Ruling of LA: With respect to the underpayment of wages the non-monetary benefits as well as the food
allowance must not be included in the computation of their basic pay because these were given without
their written consent.

Ruling of NLRC: Affirmed the findings of the LA.

Ruling of CA: The CA likewise found that the private respondents were underpaid.

ISSUE: WON private respondents were paid their appropriate basic wage upon inclusion of the value of
the facilities they used and their meal allowance.

CONCLUSION: No.

RULING:
Section 3, Rule VII of the Rules to Implement the Labor Code specifically enumerates those who are not
covered by the payment of minimum wage. Project employees are not among them.

Also, Section 1 of DOLE Memorandum Circular No. 2 provides that an employer may provide subsidized
meals and snacks to his employees provided that the subsidy shall not be less that 30% of the fair and
reasonable value of such facilities. In such cases, the employer may deduct from the wages of the
employees not more than 70% of the value of the meals and snacks enjoyed by the latter, provided that
such deduction is with the written authorization of the employees concerned.
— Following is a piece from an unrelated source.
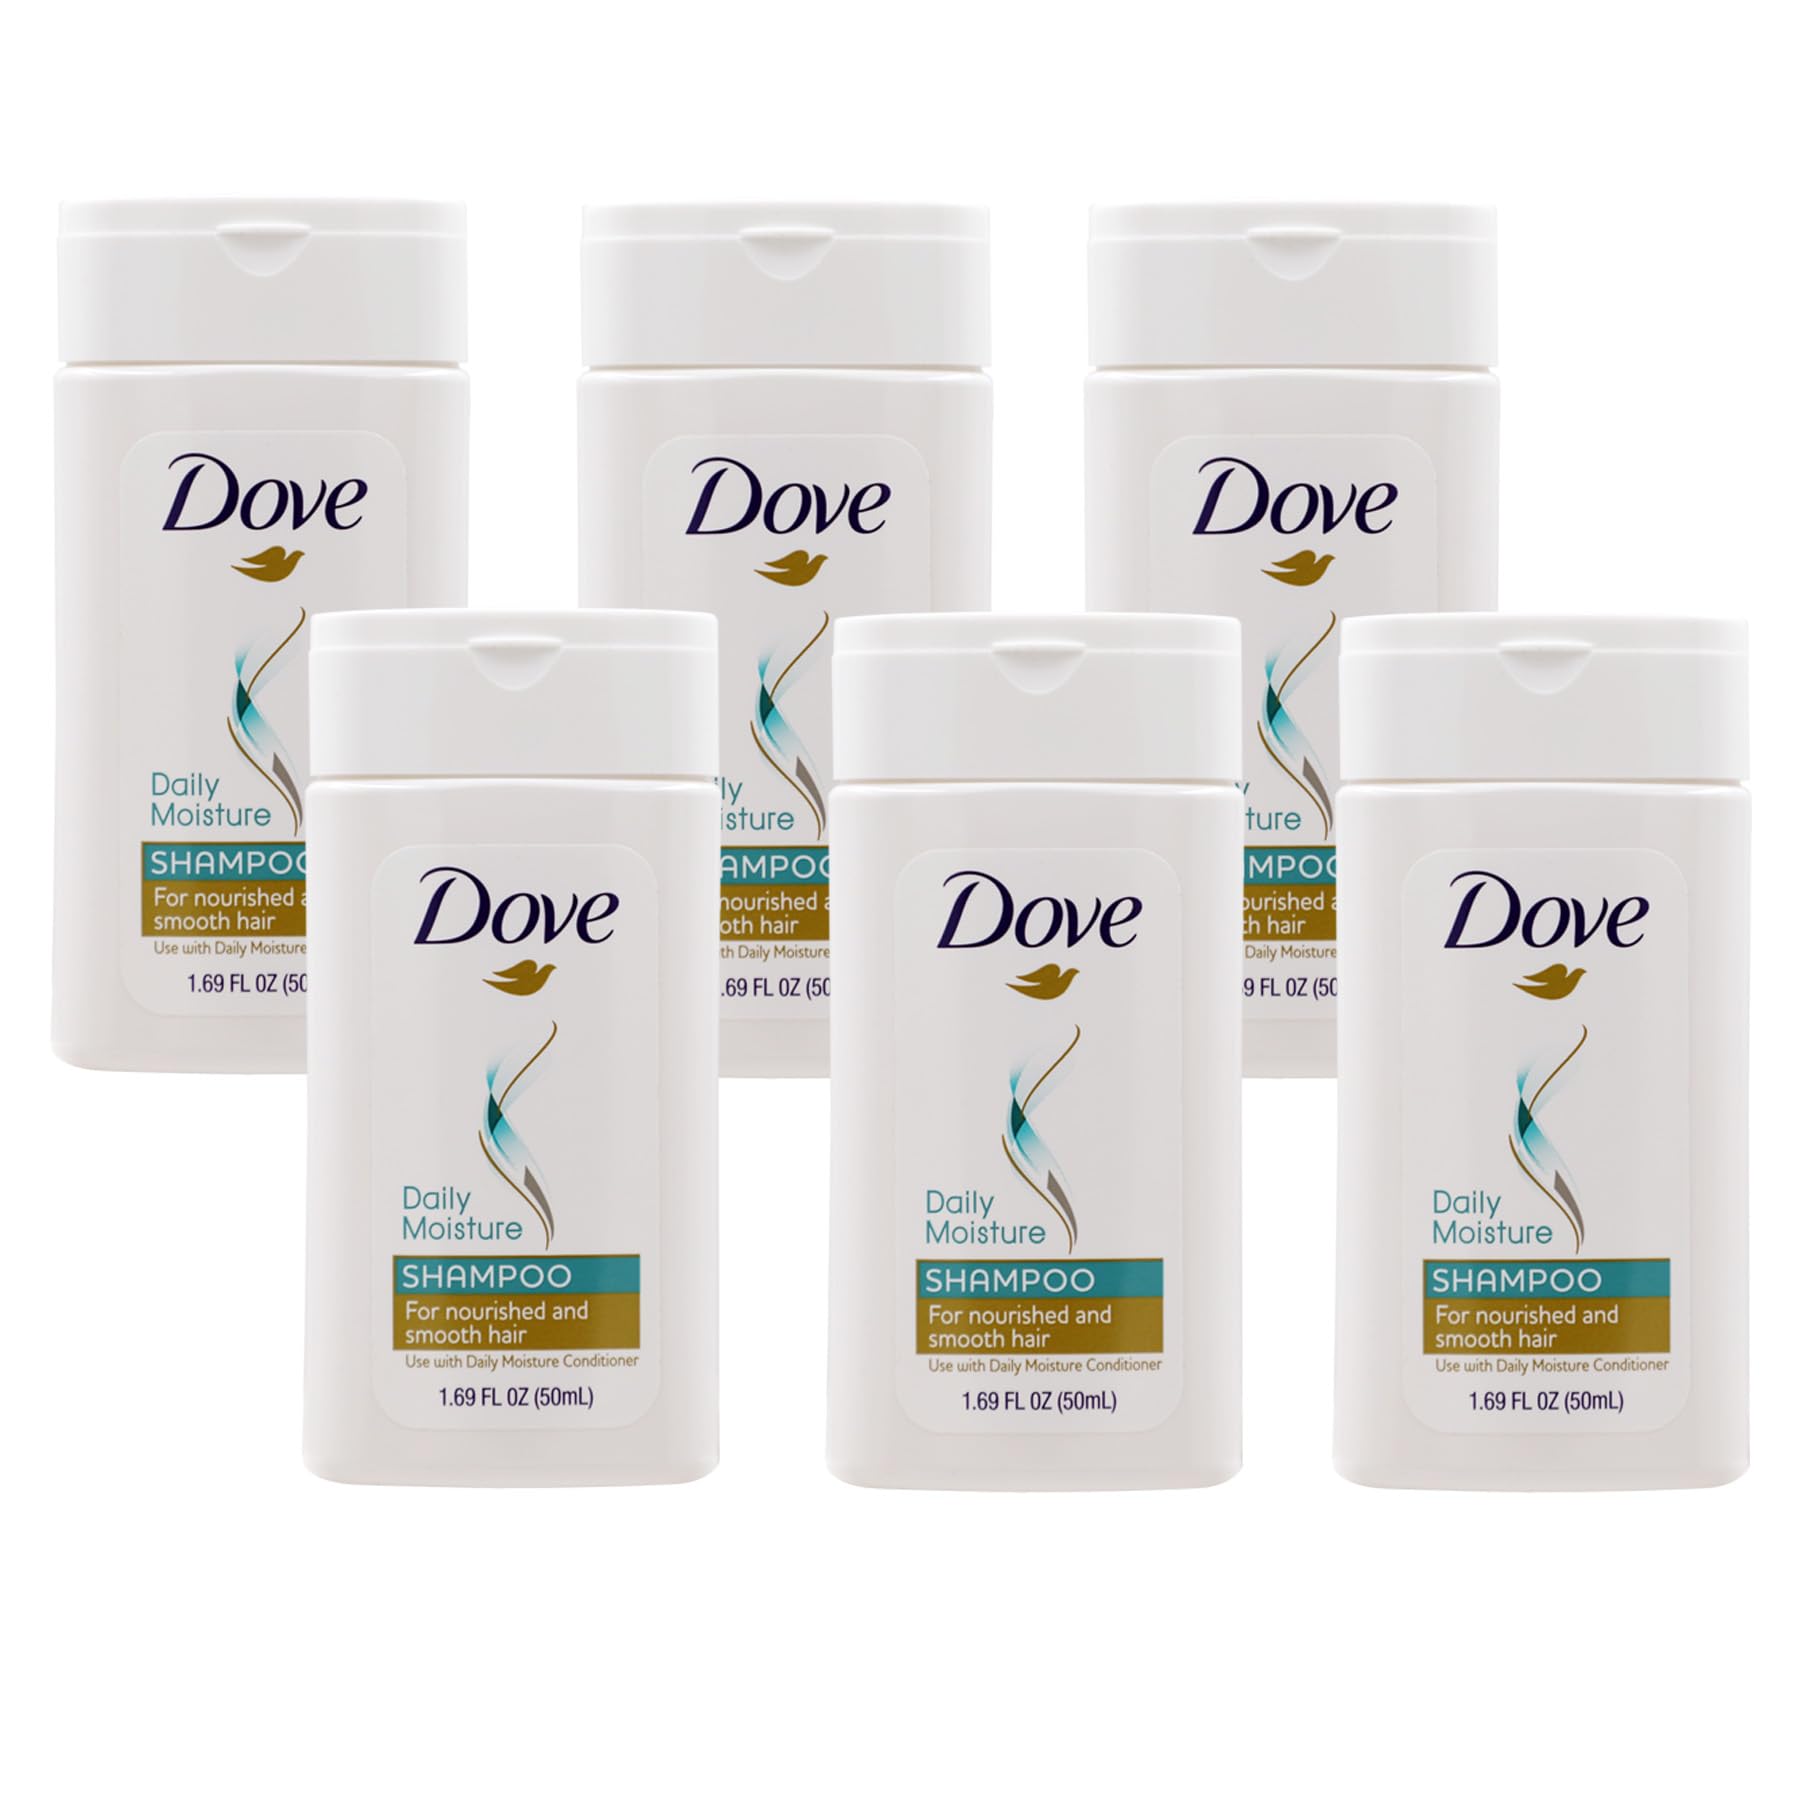 Dove Shampoo, Daily Moisture, Nourishing System for Smooth Hair, 6-Pack, 1.7 FL Oz, 6 Bottles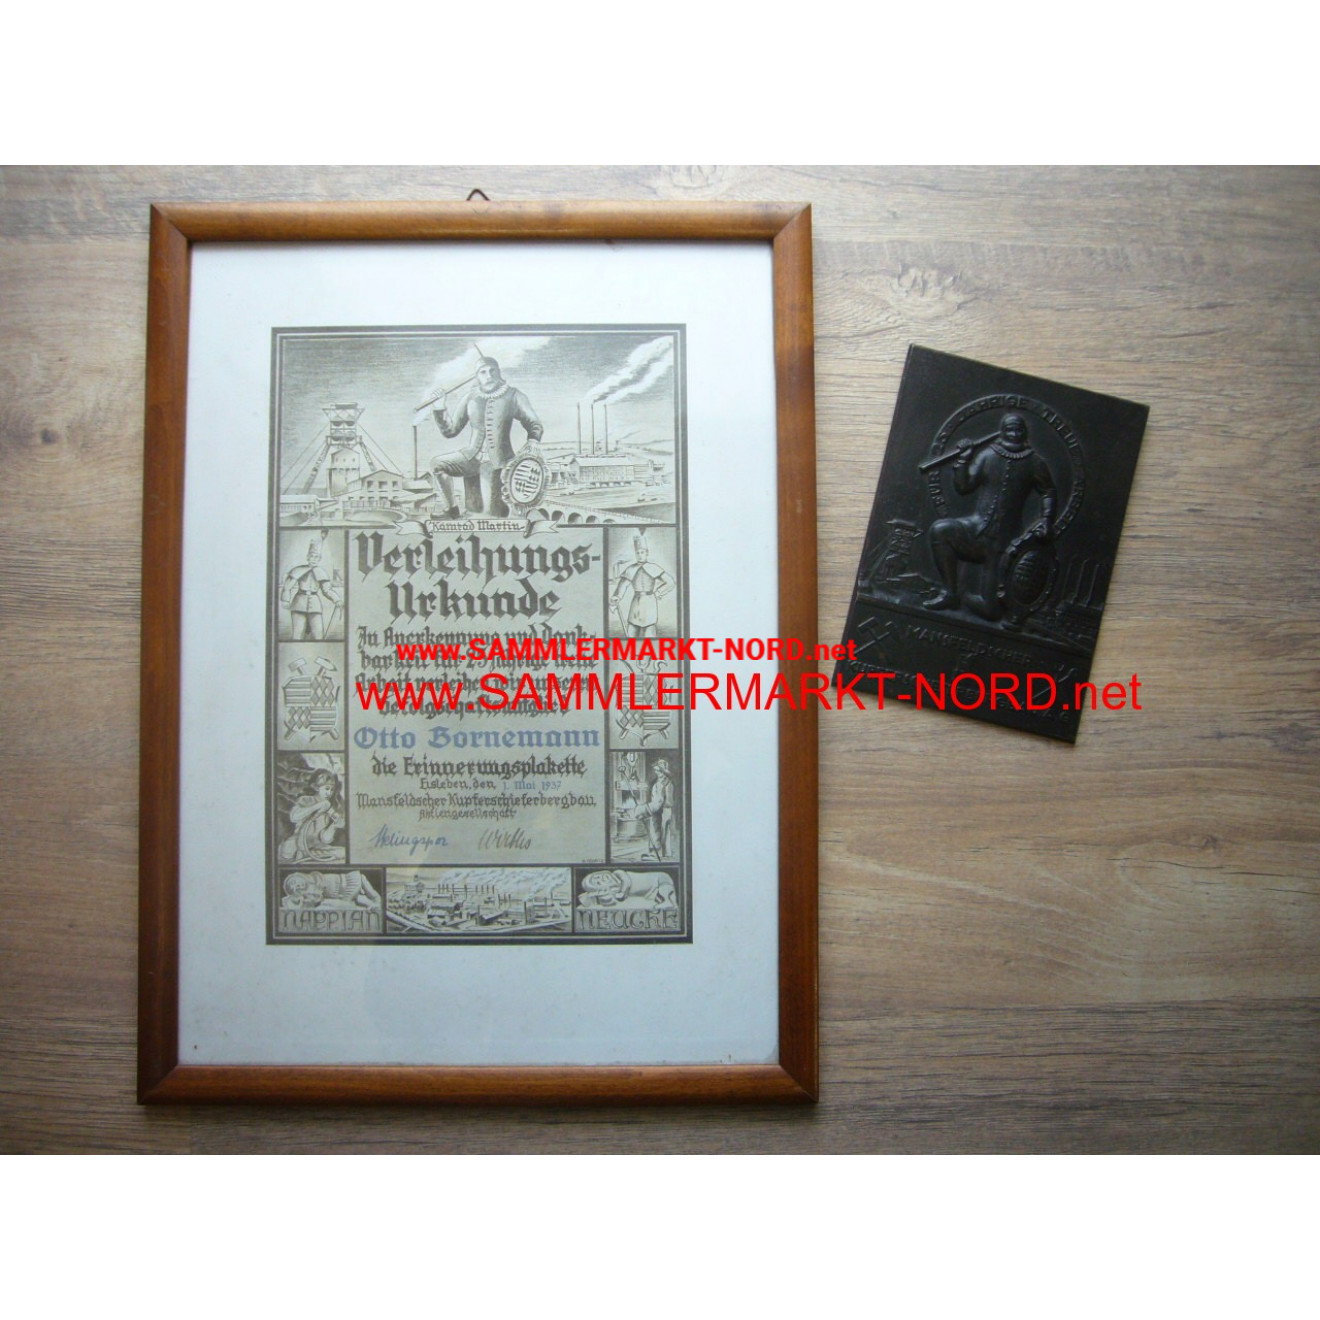 Mansfelder Bergbau AG - Certificate & plaque 1937

Moreover, before the value of facilities can be deducted from the employees’ wages, the following
requisites must all be attendant: first, proof must be shown that such facilities are customarily furnished
by the trade; second, the provision of deductible facilities must be voluntarily accepted in writing by the
employee; and finally, facilities must be charged at reasonable value. Mere availment is not sufficient to
allow deductions from employees’ wages.

APPLICATION:
These requirements, however, have not been met in this case. SLL failed to present any company policy
or guideline showing that provisions for meals and lodging were part of the employee’s salaries. It also
failed to provide proof of the employees’ written authorization, much less show how they arrived at
their valuations. At any rate, it is not even clear whether private respondents actually enjoyed said
facilities.

Also, the Court distinguished between facilities and supplement as contested by petitioner. The benefit
or privilege given to the employee which constitutes an extra remuneration above and over his basic or
ordinary earning or wage is supplement; and when said benefit or privilege is part of the laborers' basic
wages, it is a facility. The distinction lies not so much in the kind of benefit or item (food, lodging, bonus
or sick leave) given, but in the purpose for which it is given. In the case at bench, the items provided
were given freely by SLL for the purpose of maintaining the efficiency and health of its workers while
they were working at their respective projects.

CONCLUSION:
Thus, Private respondents are entitled to be paid the minimum wage.